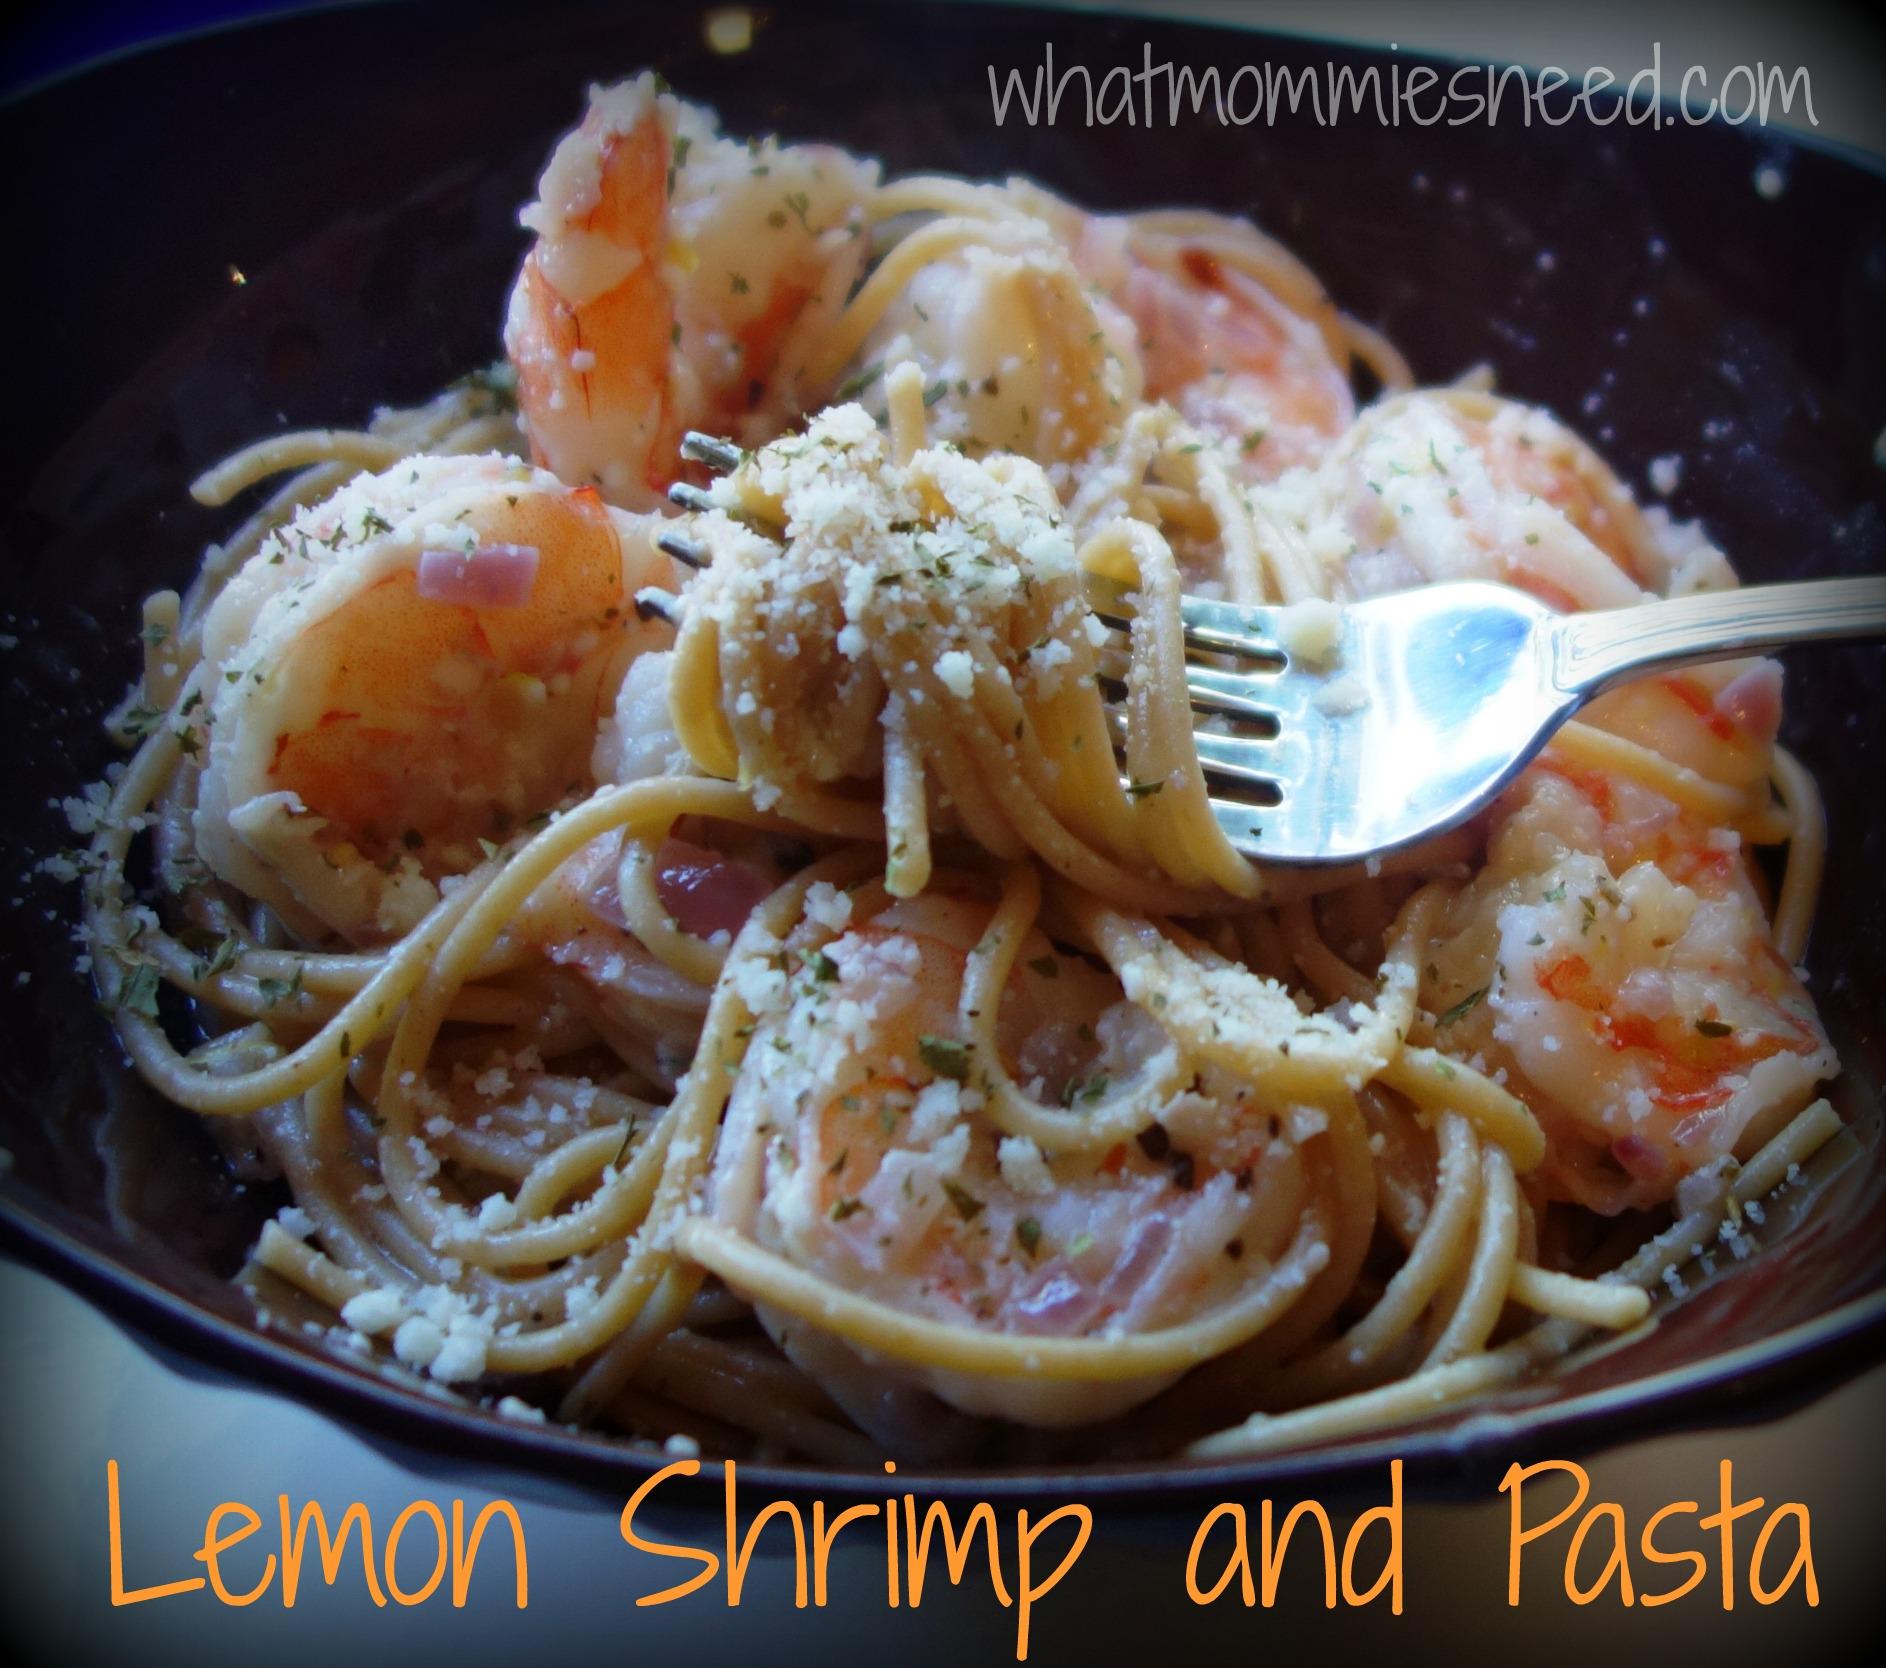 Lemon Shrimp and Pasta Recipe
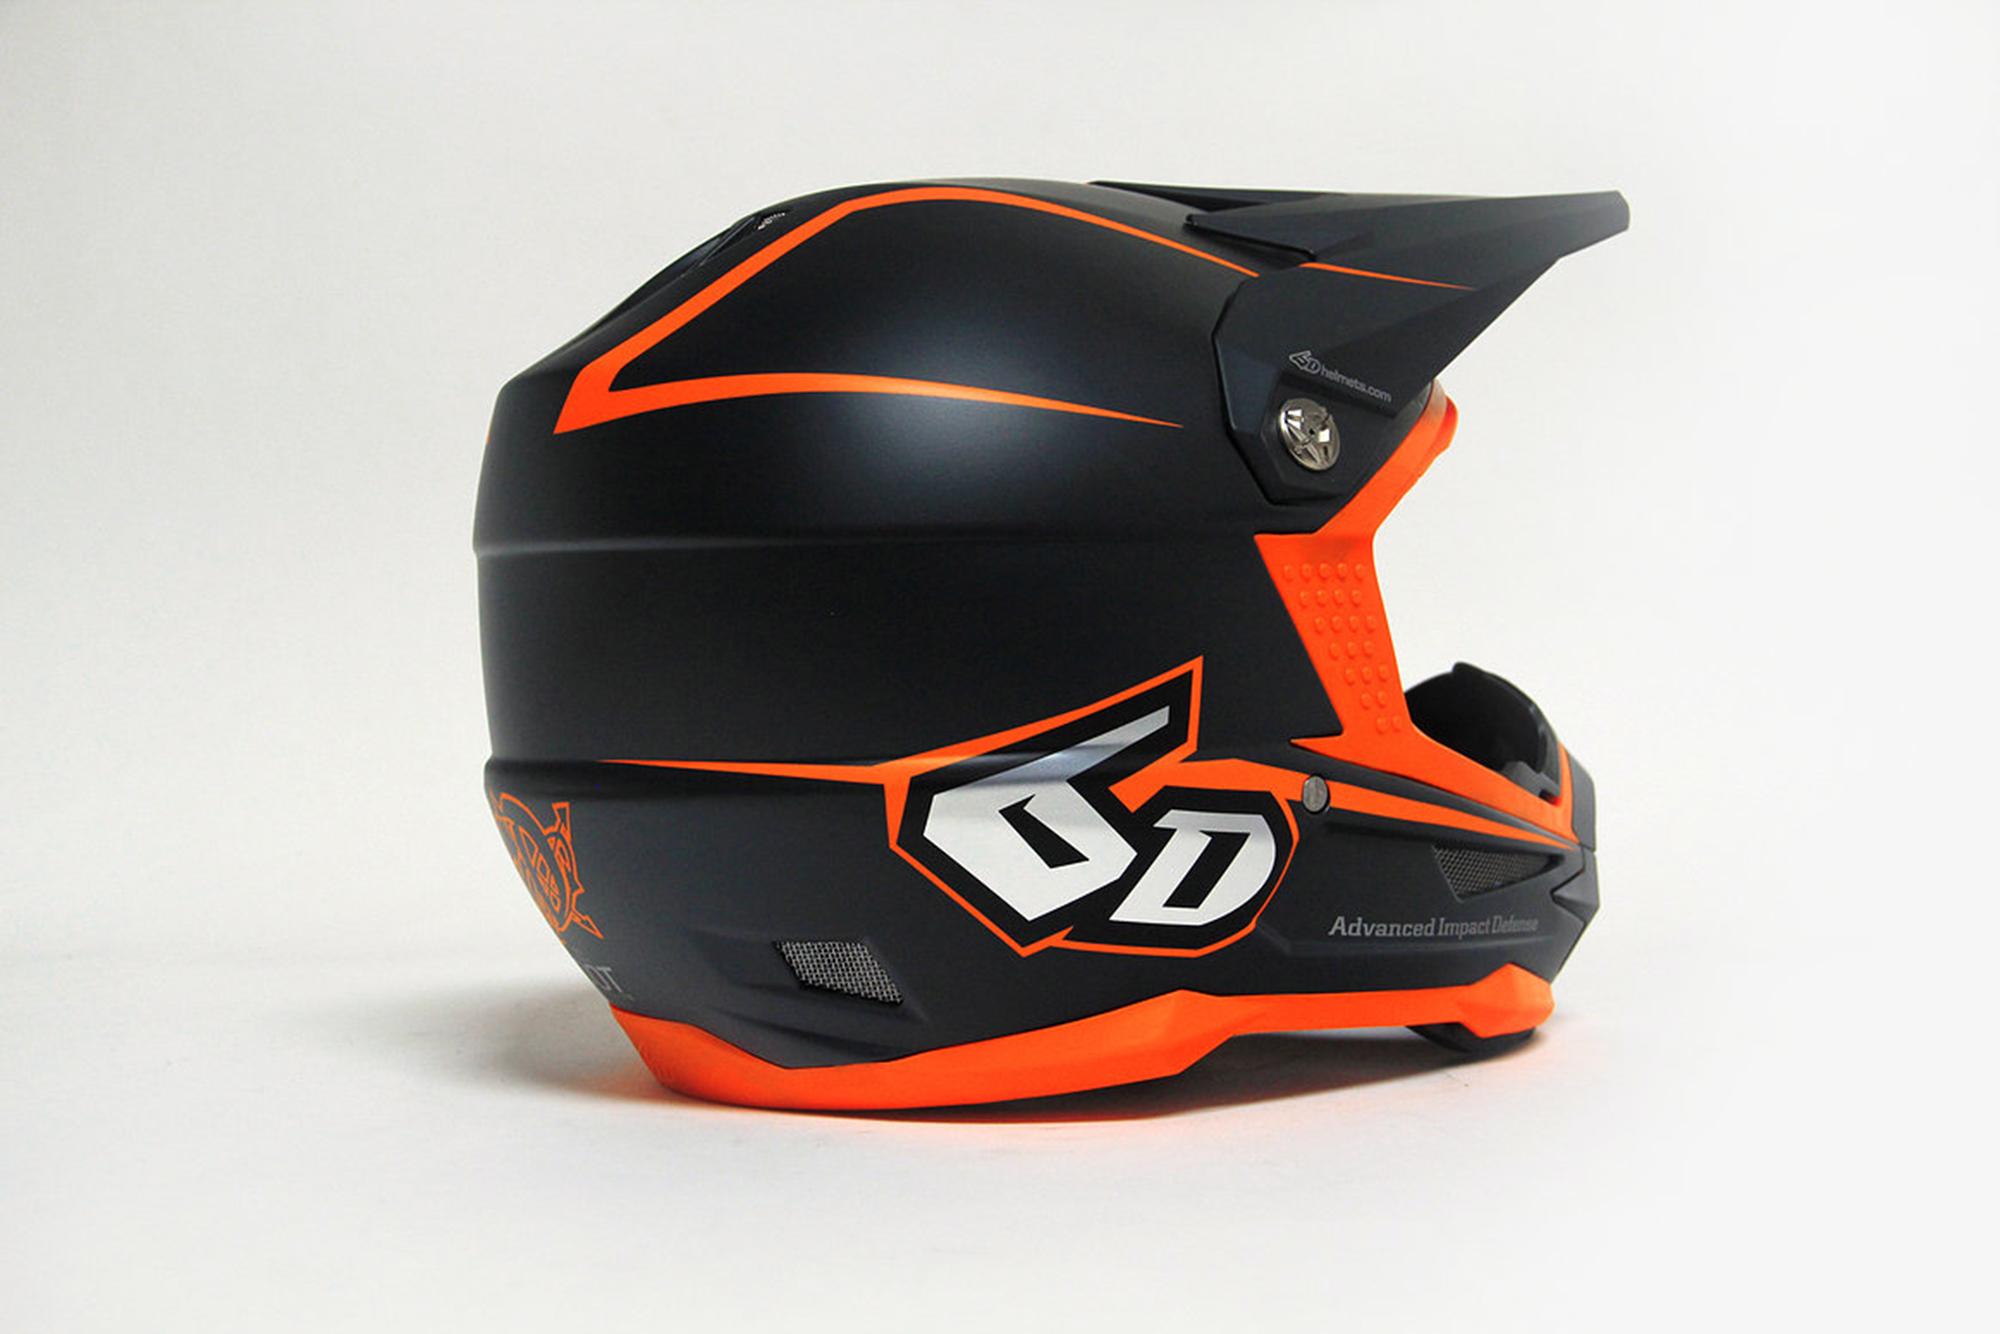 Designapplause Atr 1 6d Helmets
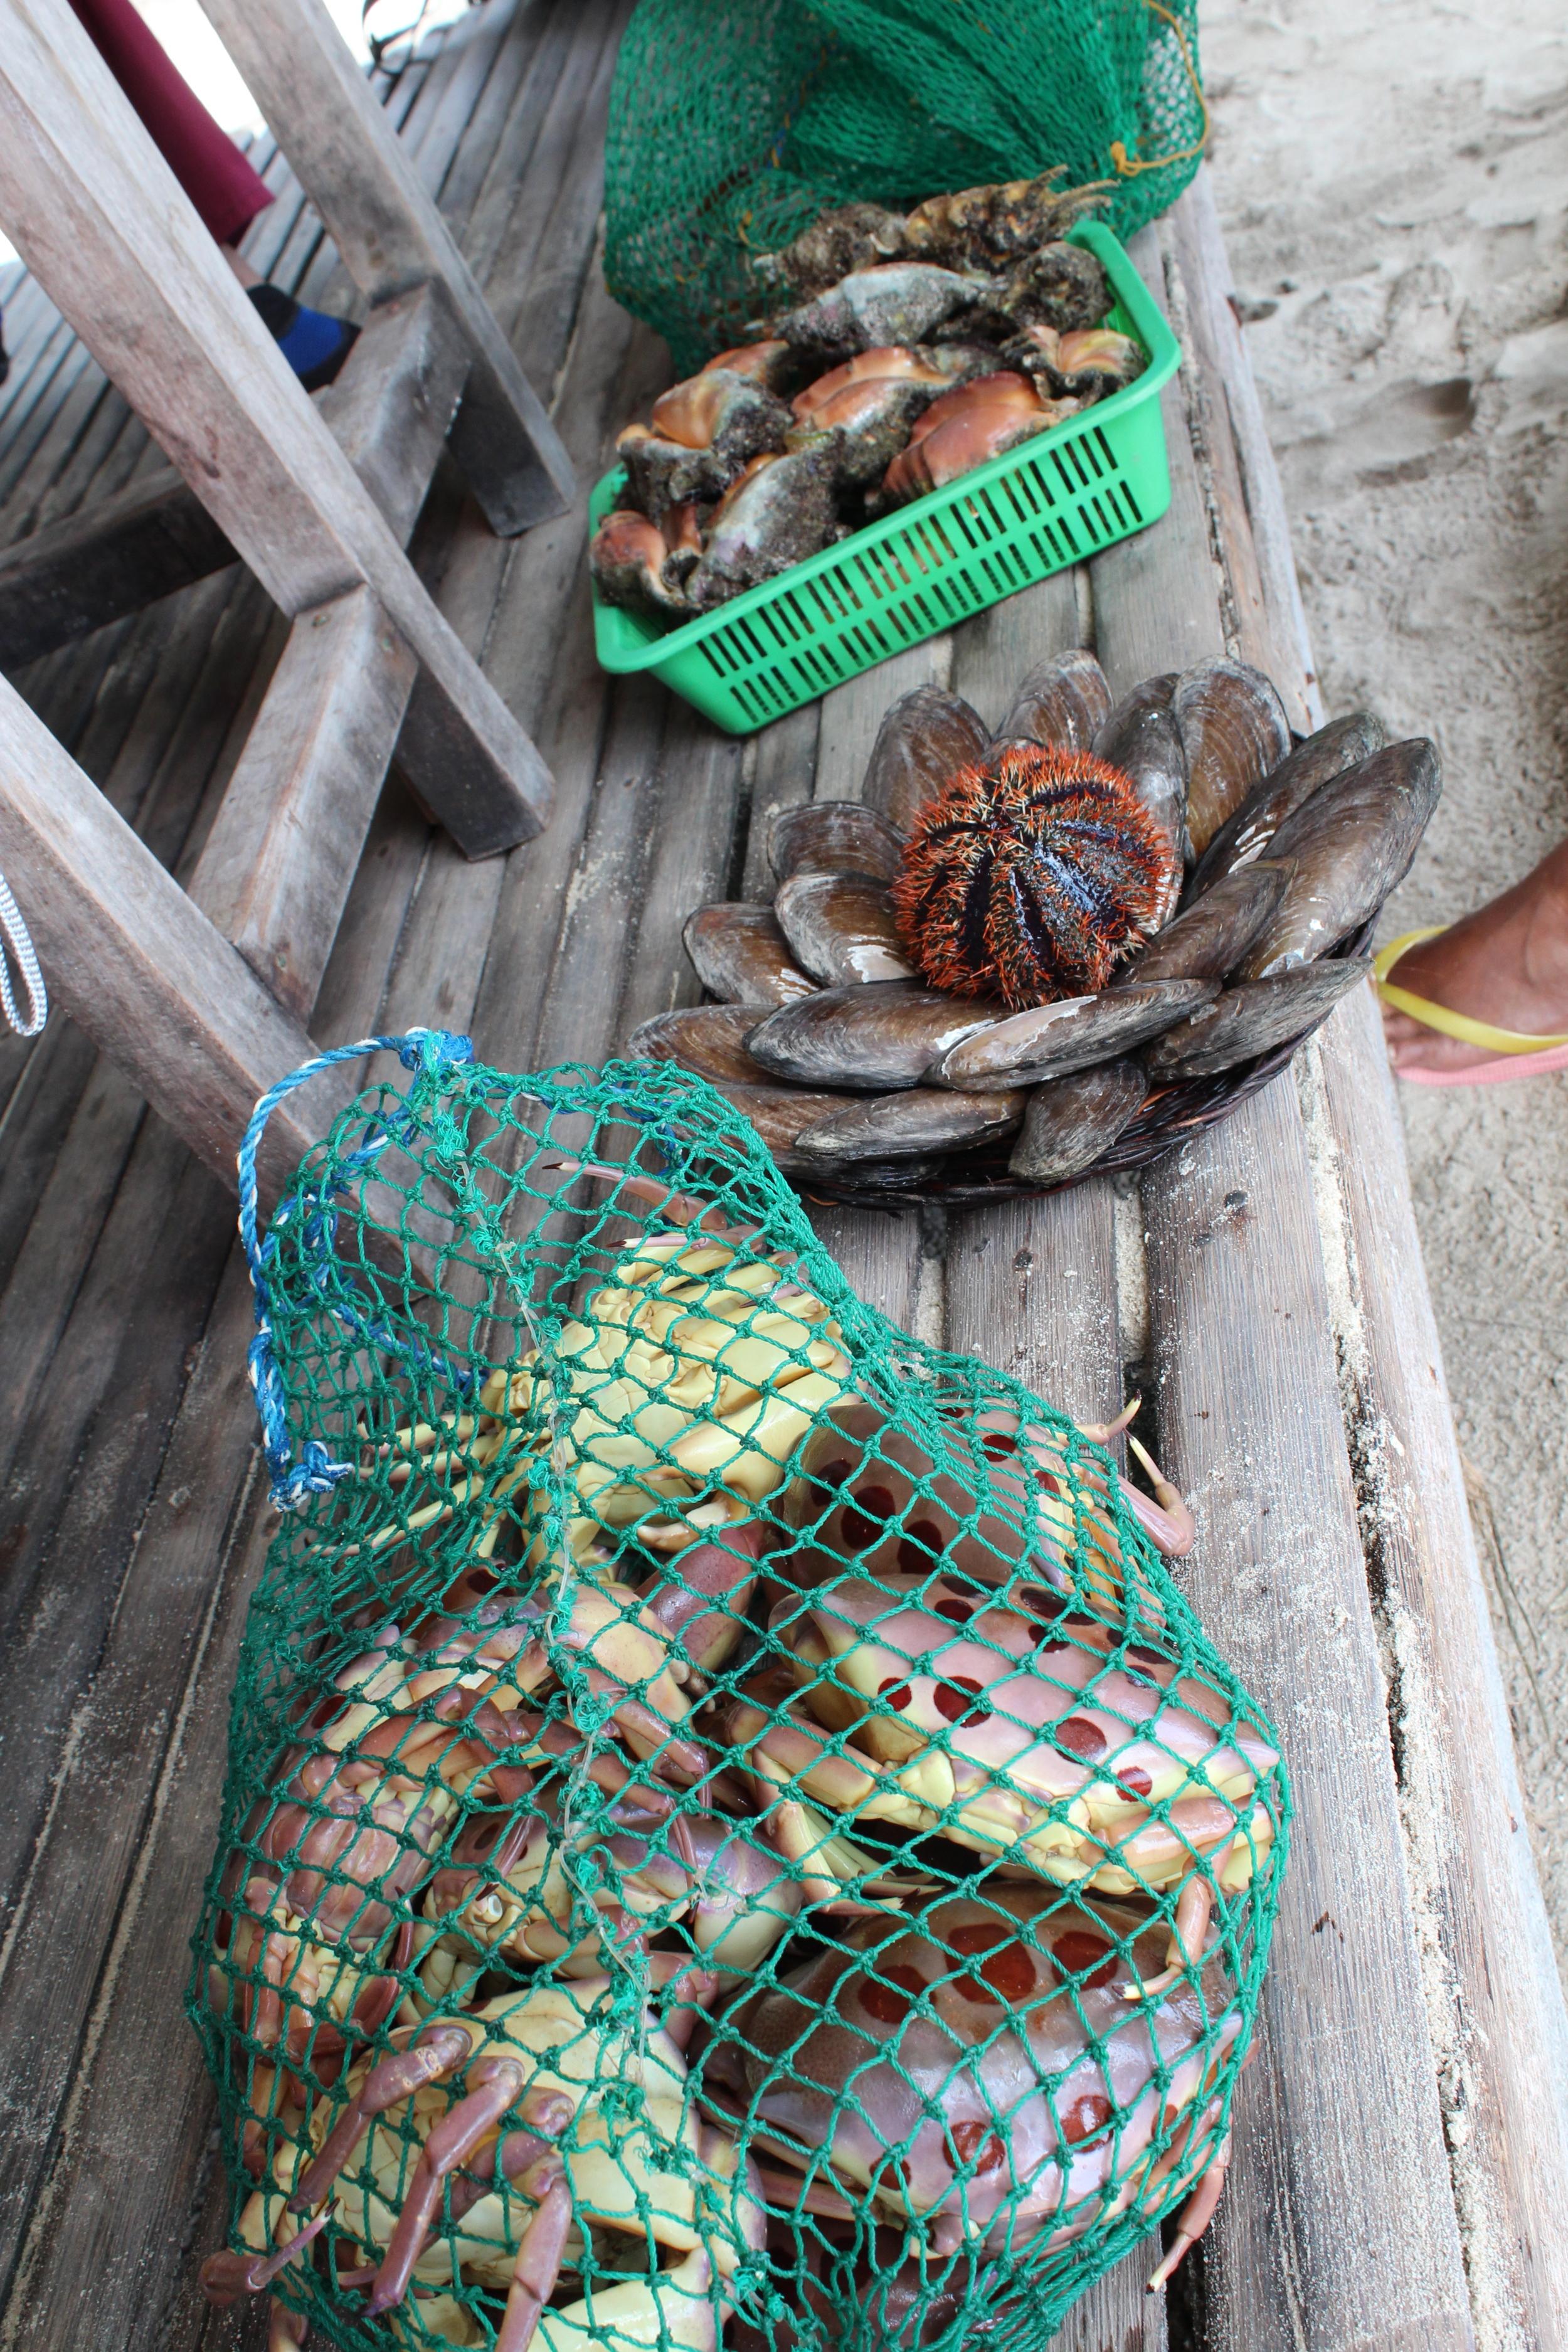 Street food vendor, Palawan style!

Directions: Repeat the material exactly as it reads, without any of its pictures.

The answer:
 Lemon Shrimp and Pasta Recipe
 Designapplause Atr 1 6d Helmets
 Street food vendor, Palawan style!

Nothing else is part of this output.